Love speaks louder
By Emma Ockerman
I've had this conversation 50 times already. I stand on my front porch as my hand just brushes the brass-plated door knob and I turn to speak to a new friend who waits to enter my abode.
It could be called a warning, even.
"Listen," I say gingerly, as if I'm telling them their cat has passed. "Before you come in my house, you should probably know about my brother..."
They nod. They have heard from others before, and their nonchalance allows me to believe that their entrance into my house will be the breakthrough of normalcy I've never had with a friendly introduction.
But then I open the door.
My 15-year-old brother Tristan tends to be a recluse from society in his room, but he always takes the chance to meet me by the door when a new friend is being introduced. One hundred and twenty pounds of ignorant joy in an adult diaper, he holds a red ribbon and a "sippy" that supplies his liquid diet. Tristan's bib is fashioned out of a bandana that gives him a slightly ridiculous cowboy affability.
But he can't help it. I have never expected him to be anything but himself.
Tristan is severely autistic, but it doesn't really cross my mind until a new friend is standing beside me, their eyes shifting from my brother, to the floor, to me.
"What do I do?!" they silently plea and I would tell them if my brother wasn't already staggering towards them—hand outstretched, wet with drool.
"Hi there!" they say, falsely chipper. But Tristan is mute, so he drags them to whatever location in the house he sees fit at the time.
Tristan makes the rules to which everyone must follow.
He drags anyone who obliges to his small red cooler beside the kitchen sink, which holds his "sippies" containing a mixture of Ensure and Lactaid. Tristan coaxes them to open it and give him something to drink.

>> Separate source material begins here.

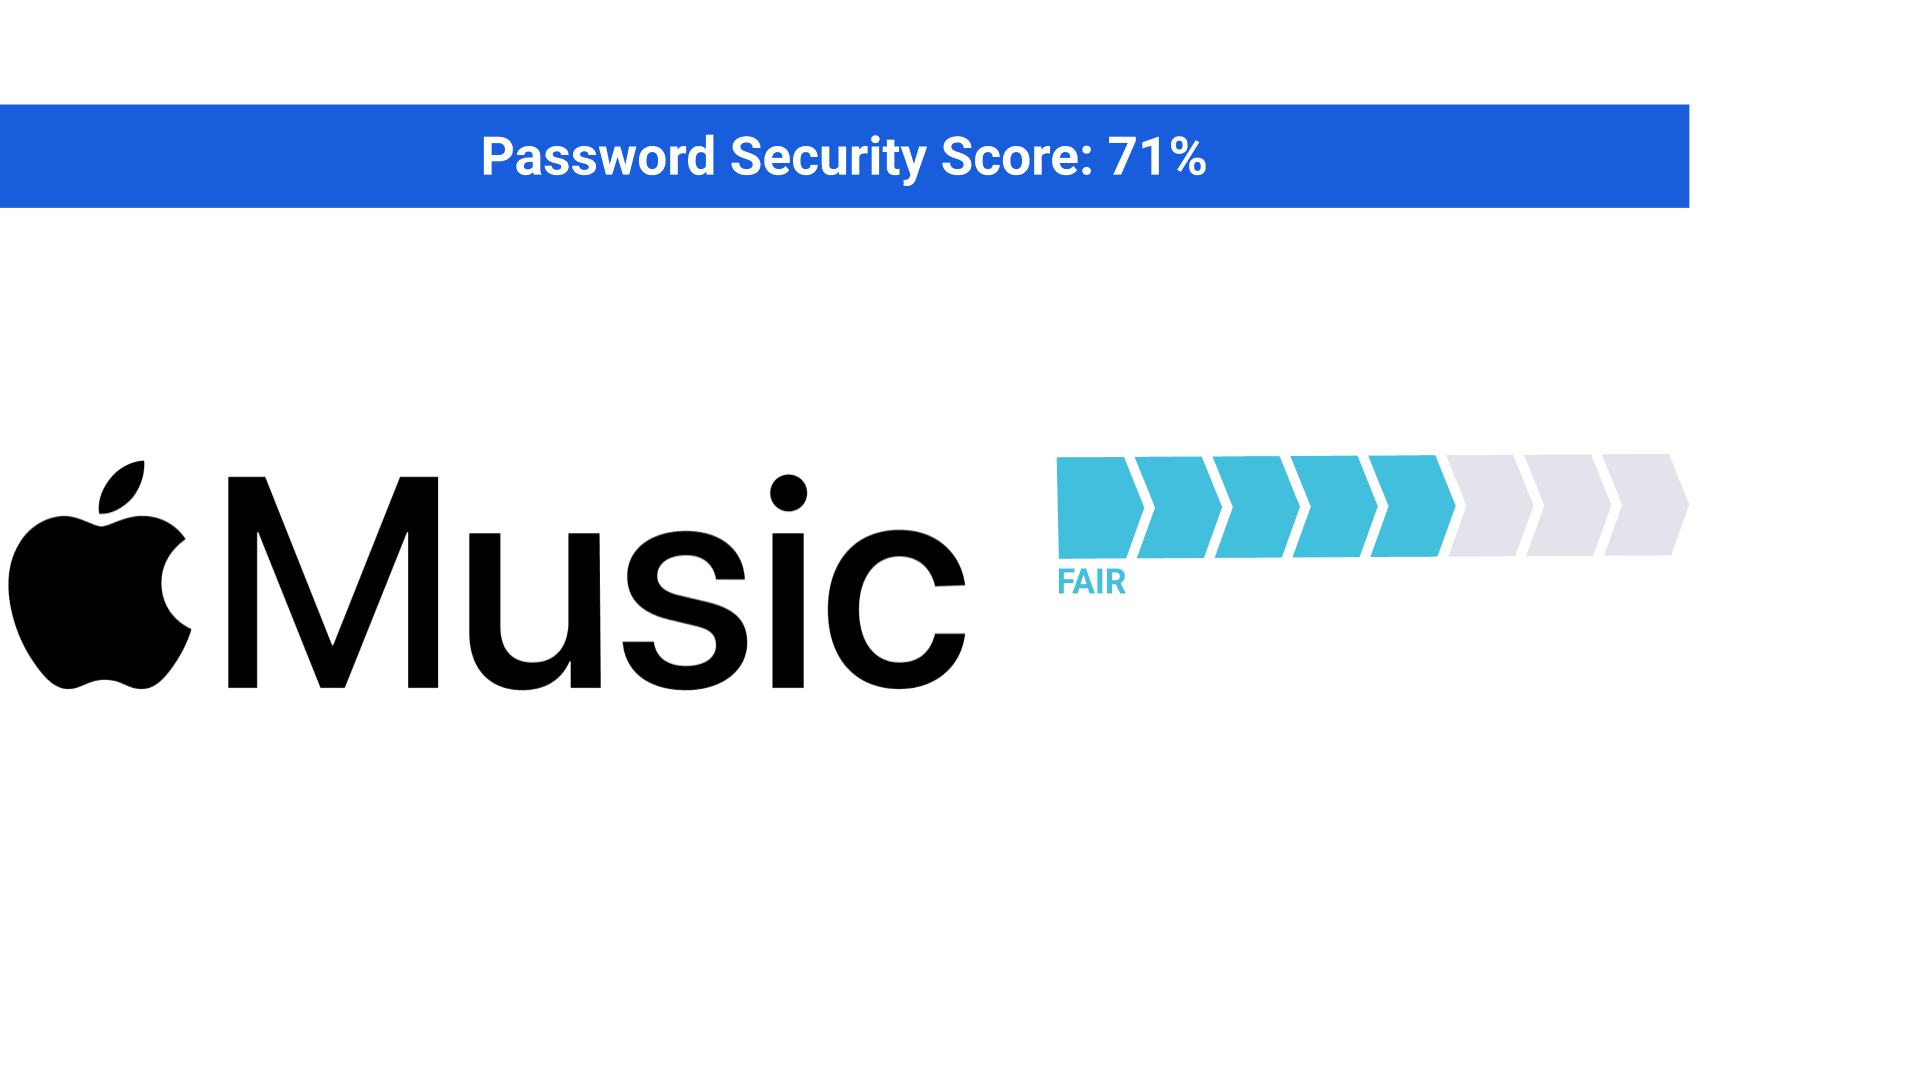 Apple Music password security score

Anyone who has a heart, or essentially fears what he will do if they don't comply, plucks a "sippy" for Tristan and follows him to his room to enjoy The Little Mermaid on his monument of a television. It may not be polite on my brother's part, but he's not accustomed to his own company.
I am never looking at my brother at this point, but the house guest. My capacity to love a friend lies in their capacity to love my laughable, and maybe only in my eyes, adorable brother. My introductory speech doesn't lessen the shock in their eyes when they soak in Tristan's undeniably mentally challenged face.
But at this point, I have never had a friend deny the hand of my soon-to-be 16-year-old brother. To reject Tristan would not only be rejecting my friendship, but the friendship of a boy whose disorder has blessed him with the inability to hate anyone.
And they probably wouldn't want to face the wrath of me, his big sister, if they did.
Editor's note: About 16 or 17 years ago, I met Tristan and Emma in Michigan with their parents Jude and Steve. In addition to autism, Tristan has Langer-Giedion Syndrome, the same genetic deletion that my son Ben has. We had taken Ben to see a speech therapist in Michigan and had made contact with the Ockermans through a parent support group. All these years later, as Tristan turned 19, I heard from Steve. He told me about this story his daughter Emma wrote when she was in high school. She's now studying journalism at Ohio University. I particularly like the headline she chose.